**Task to carry out**
Copy out exactly the lines spanning the line with "夢見帝國圖書館: 日本第一座圖書館的故事, 感人經典東京小屋的回憶作者女性書寫回歸力作" to the line with "Battaglie dimenticate - Campagna", inclusive, from the data underneath, with no pictures.

**Material to process**
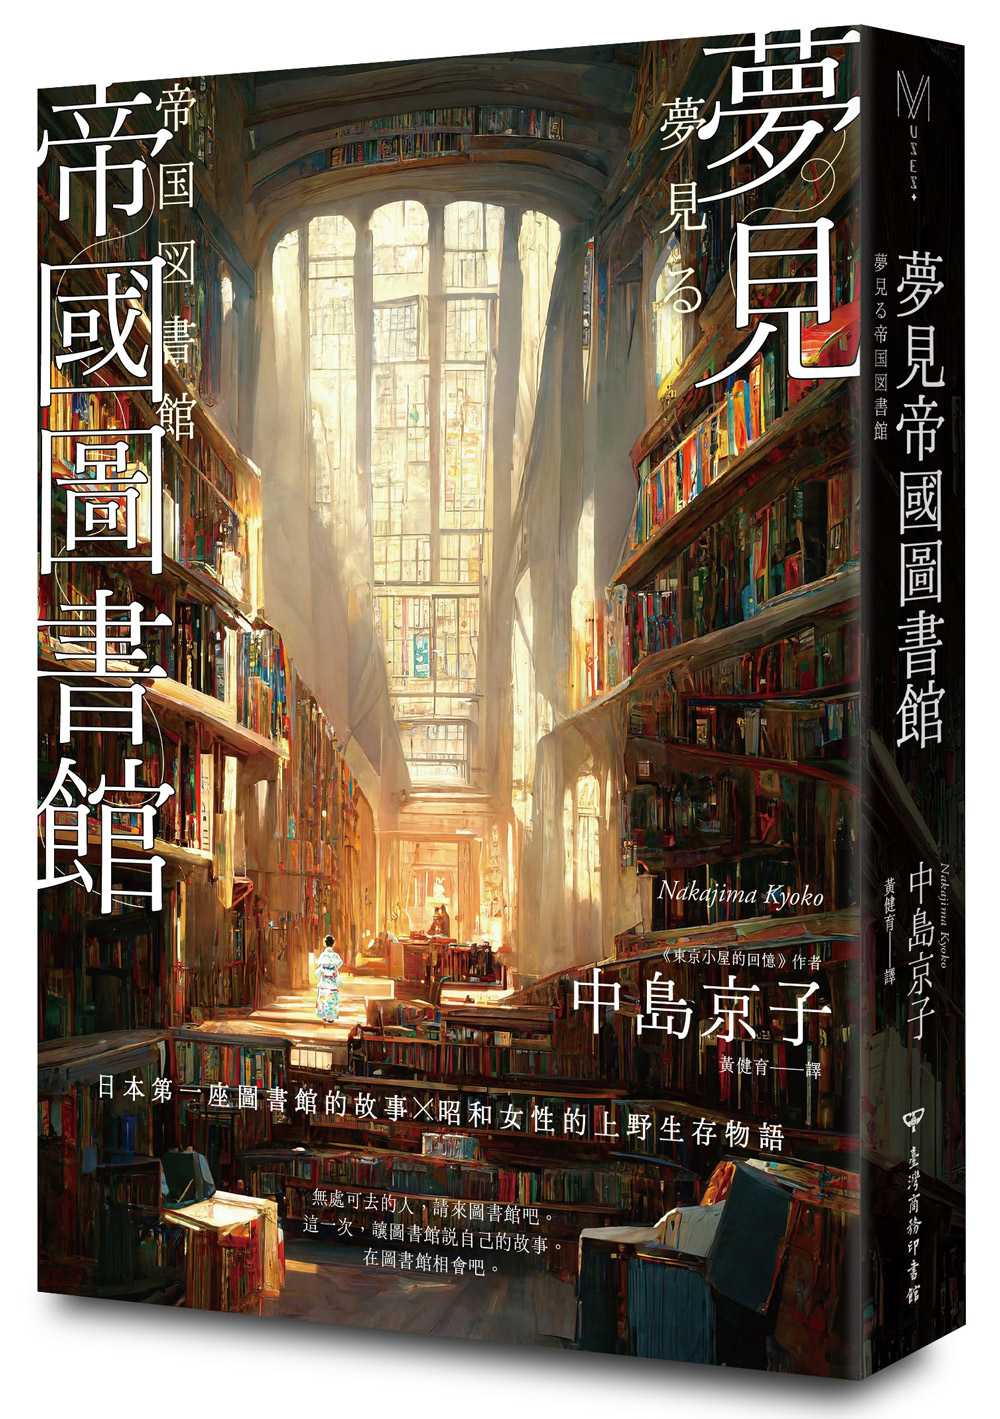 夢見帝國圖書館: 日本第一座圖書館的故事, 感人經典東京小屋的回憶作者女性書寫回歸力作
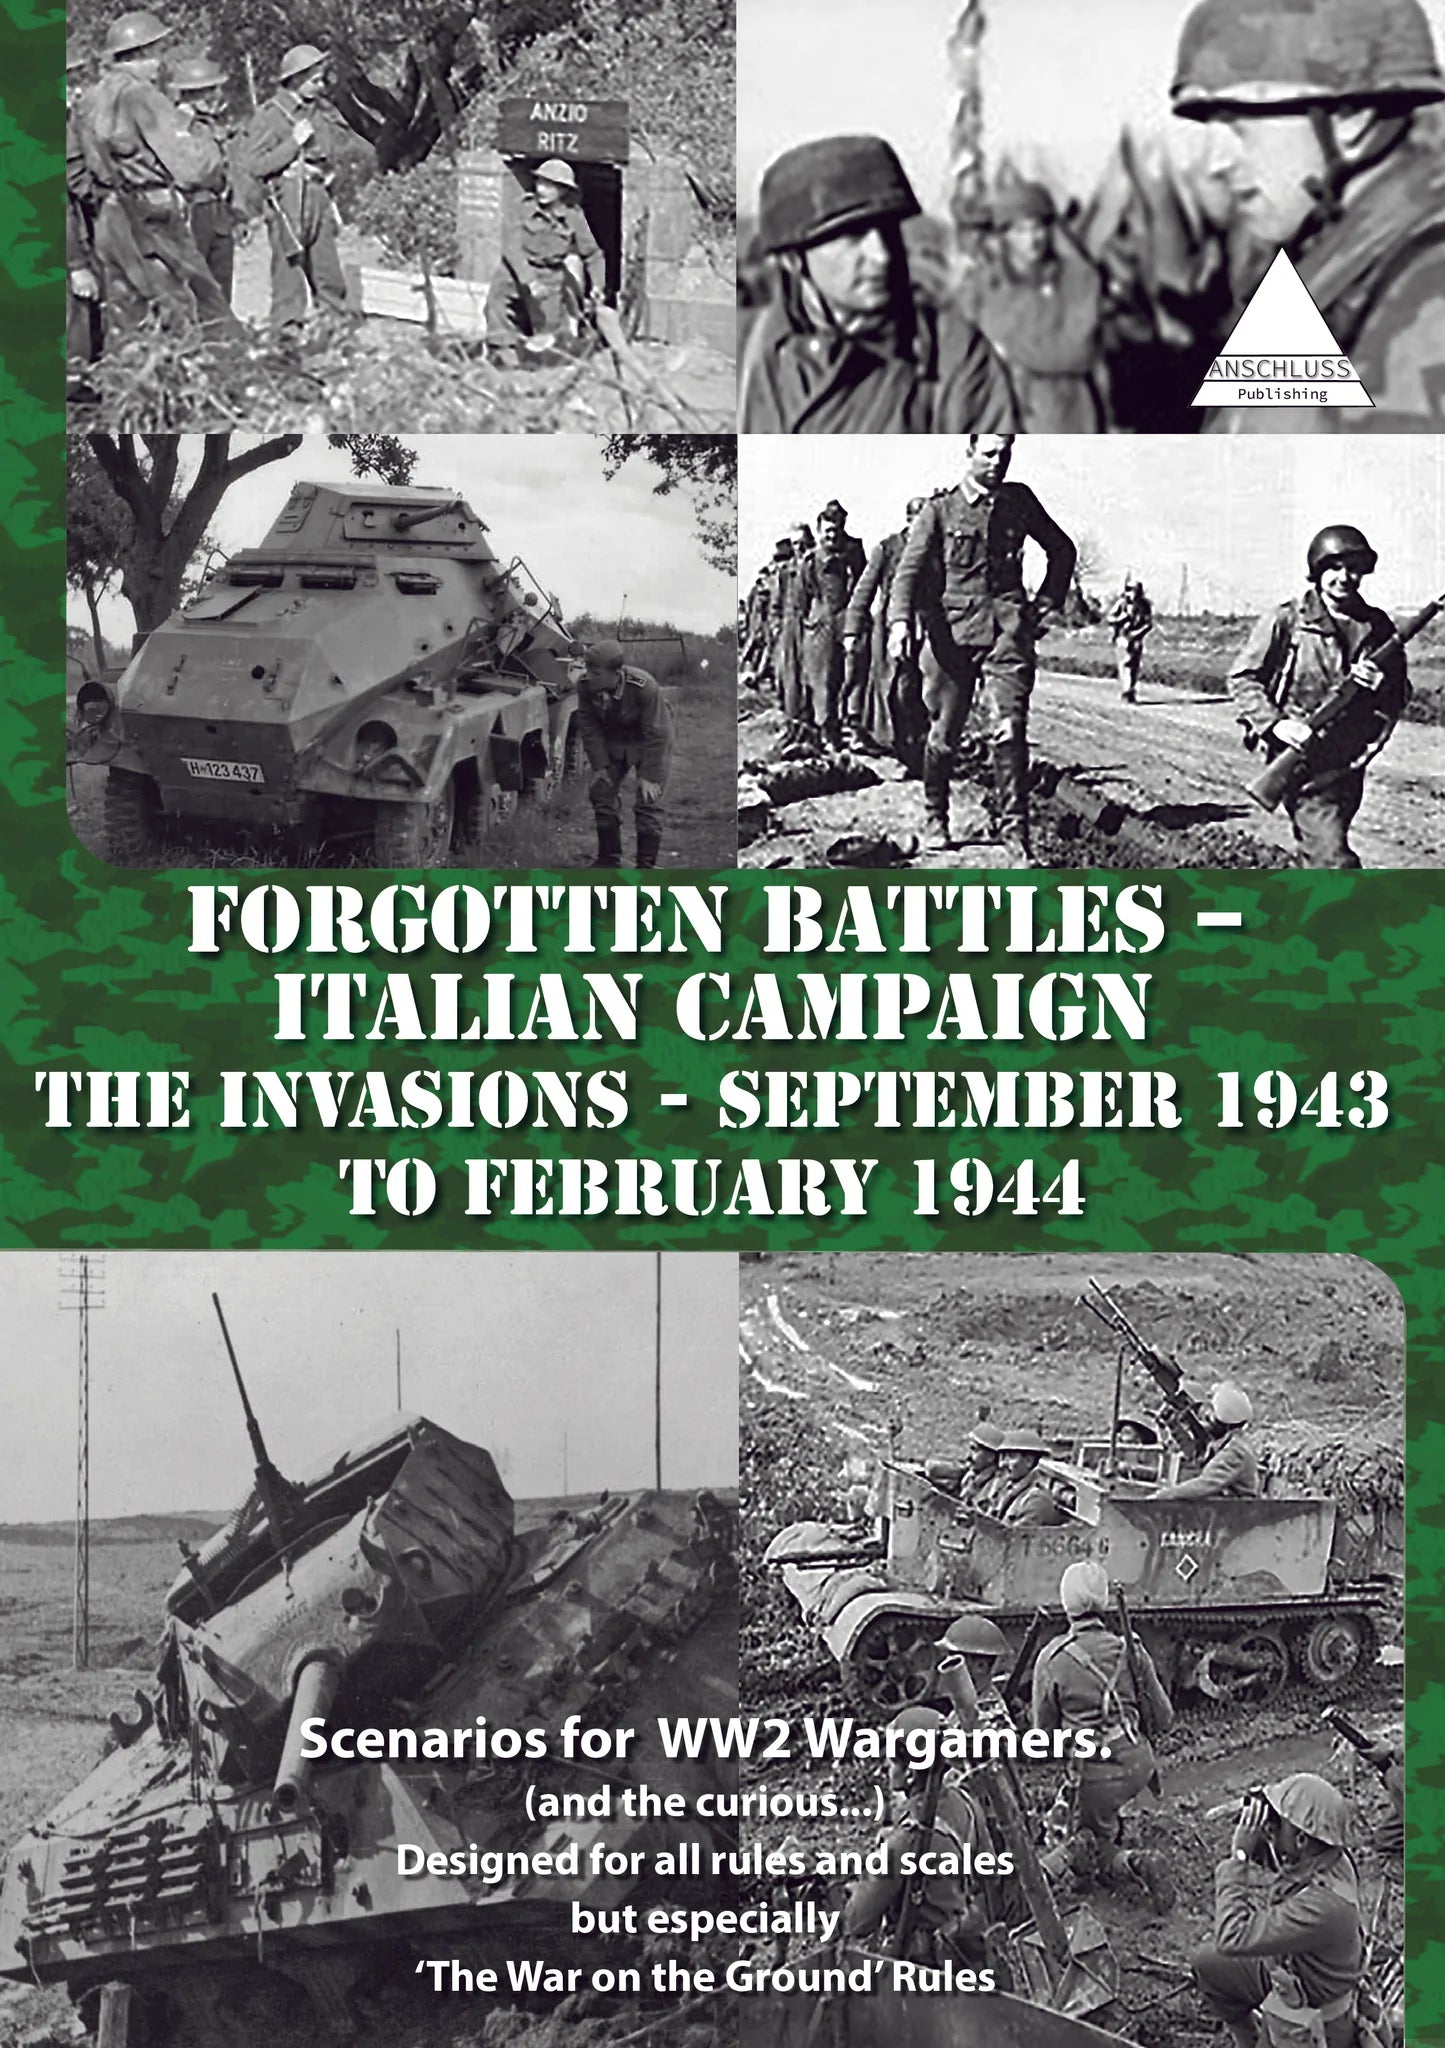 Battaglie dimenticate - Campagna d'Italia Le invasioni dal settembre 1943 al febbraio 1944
* * *
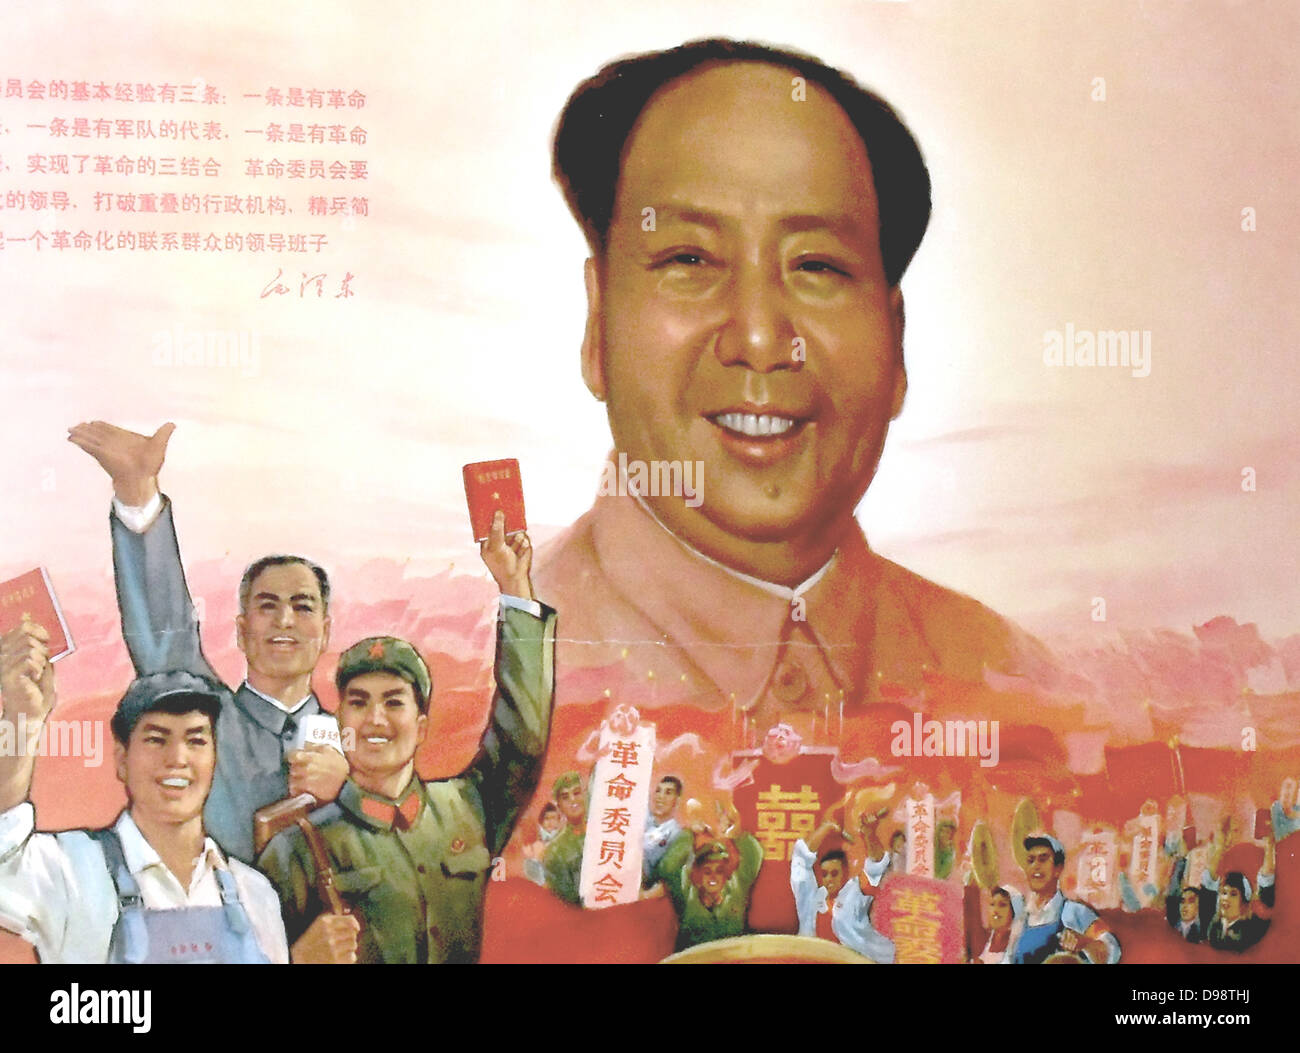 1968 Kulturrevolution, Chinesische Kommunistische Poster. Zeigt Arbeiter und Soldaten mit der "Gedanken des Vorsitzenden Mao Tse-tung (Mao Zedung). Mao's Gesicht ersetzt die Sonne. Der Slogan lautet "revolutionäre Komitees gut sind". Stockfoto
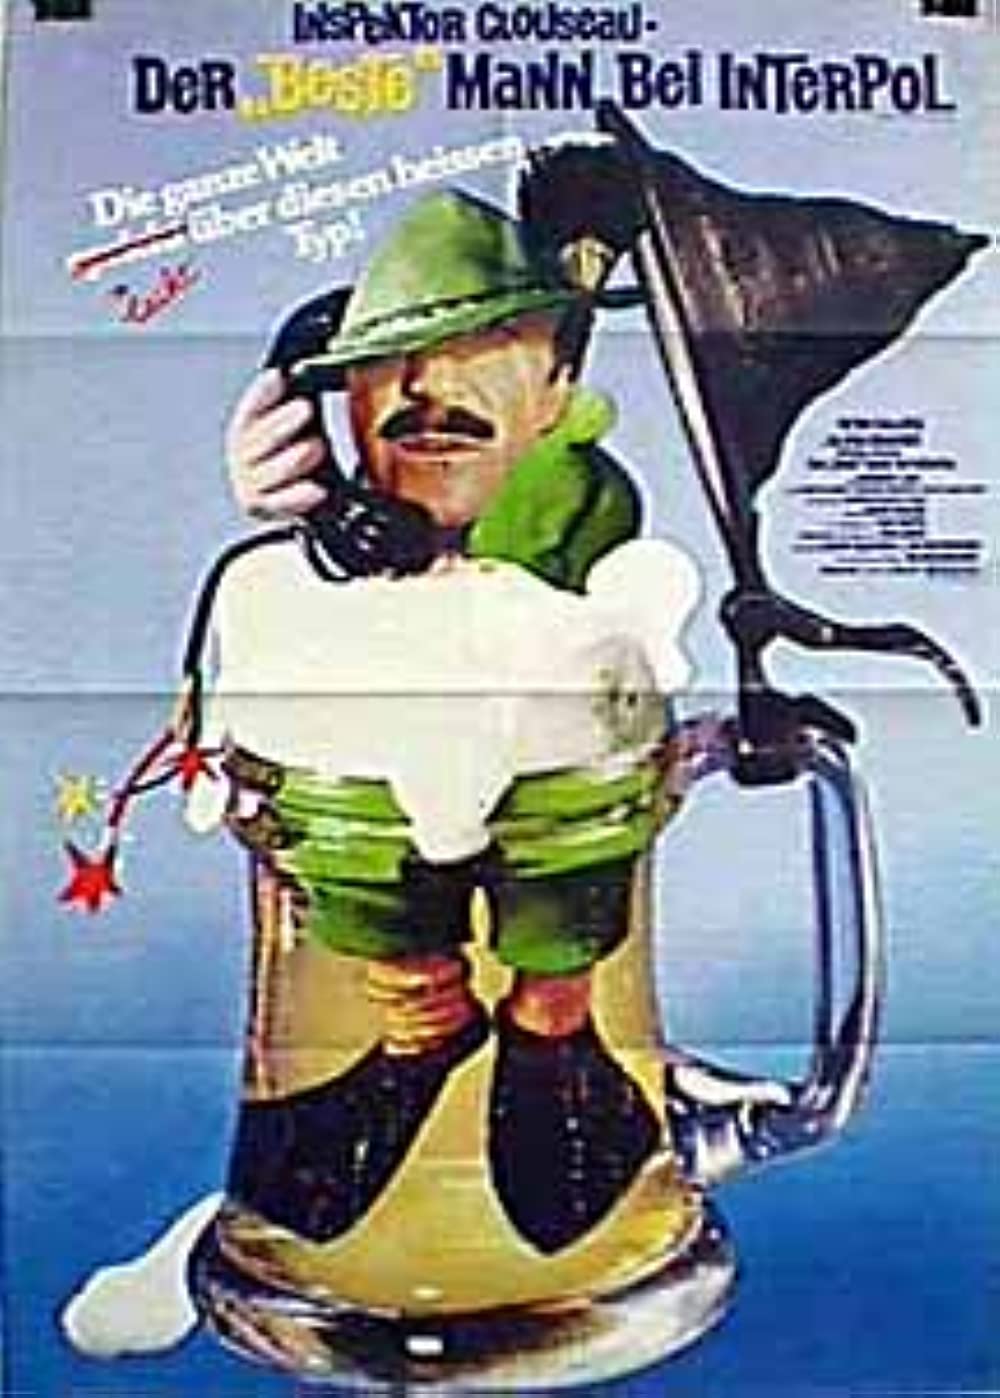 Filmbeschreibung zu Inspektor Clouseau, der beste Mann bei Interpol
* * *
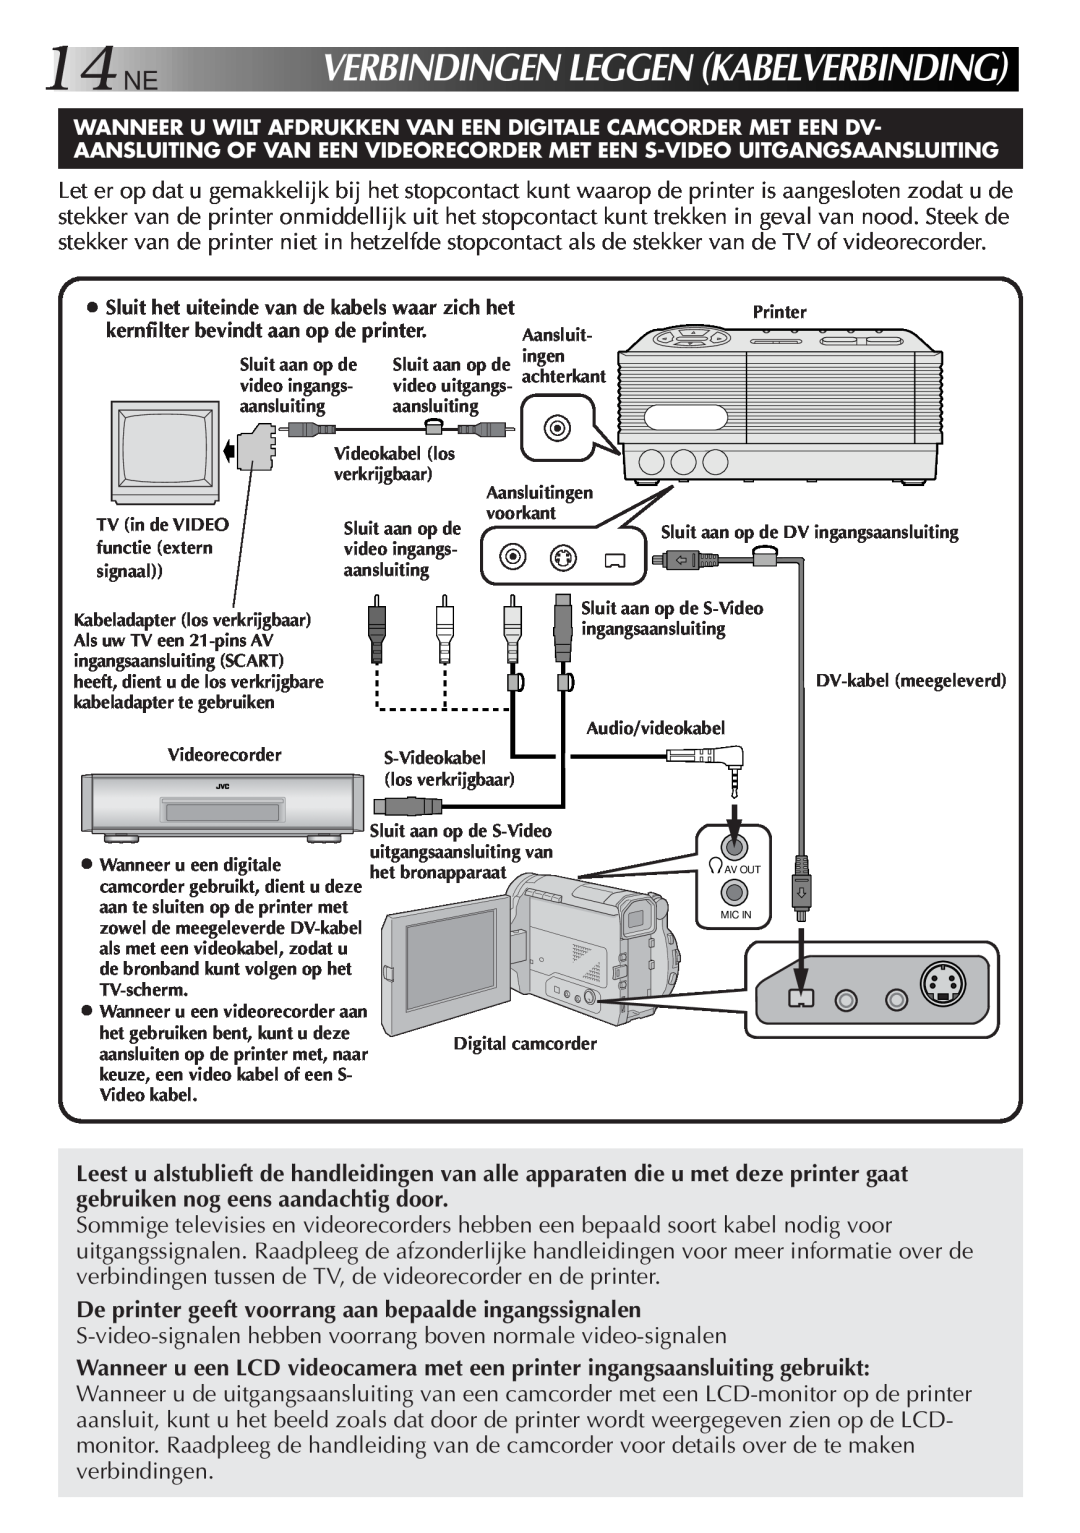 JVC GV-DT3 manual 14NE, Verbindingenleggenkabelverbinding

**Written solution**
 夢見帝國圖書館: 日本第一座圖書館的故事, 感人經典東京小屋的回憶作者女性書寫回歸力作
 Battaglie dimenticate - Campagna d'Italia Le invasioni dal settembre 1943 al febbraio 1944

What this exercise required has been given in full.